I'm assigning a low priority since this GL setting combination is invalid to begin with and I want to believe software isn't shipped like this (though considering other GPU drivers allow to ignore the problem, I wouldn't be fully surprised if there is faulty software out there...); though I believe the system shouldn't hang because of this.

GL_VERSION = 4.3.0.0
GL_VENDOR = X.Org
GL_RENDERER = Gallium 0.4 on AMD CAPE VERDE (DRM 2.45.0 / 4.7.0-040700-generic, LLVM 3.9.0)

uname -r
4.7.0-040700-generic

Cheers

Comment 1 Nicolai Hähnle 2016-09-02 10:03:43 UTC

Hi Matias, thanks for the report. I cannot reproduce this on Bonaire or Polaris. Could you please send the dmesg of this when running your bug repro program?

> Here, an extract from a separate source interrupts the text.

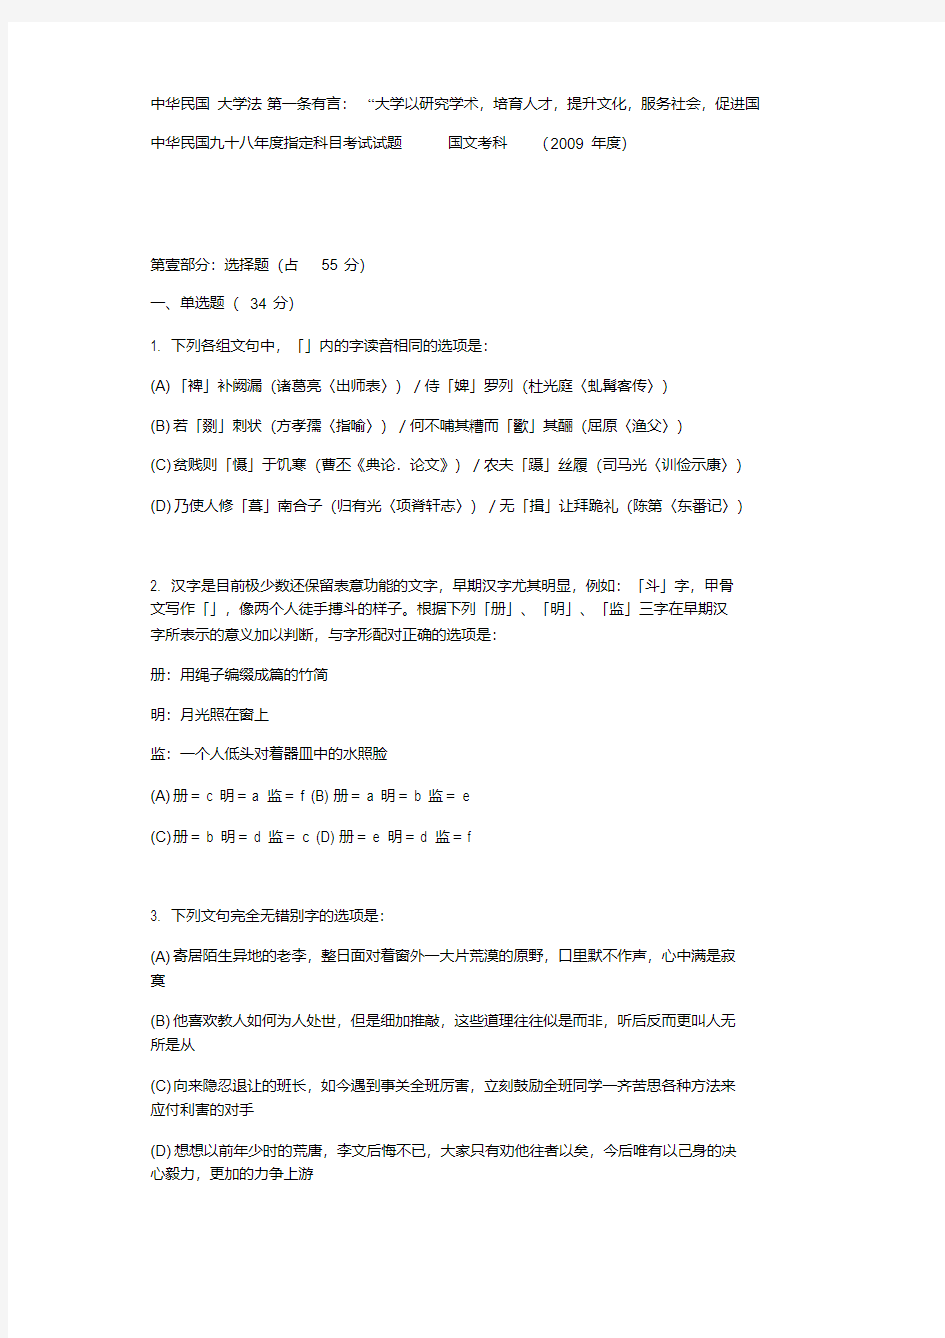 台湾高考语文试卷(2009年).pdf

Comment 2 Matias N. Goldberg 2016-09-03 21:54:05 UTC

Created attachment 126190 [details]
Kern.log when it managed to reset

Comment 3 Matias N. Goldberg 2016-09-03 21:54:29 UTC

Created attachment 126191 [details]
Kern.log when it failed to reset

Comment 4 Matias N. Goldberg 2016-09-03 21:55:01 UTC

Ah, you're on bleeding edge HW. Stopping showing off!

It's an AMD Radeon HD 7770 1GB. The audio is not in use but I'm including it just in case.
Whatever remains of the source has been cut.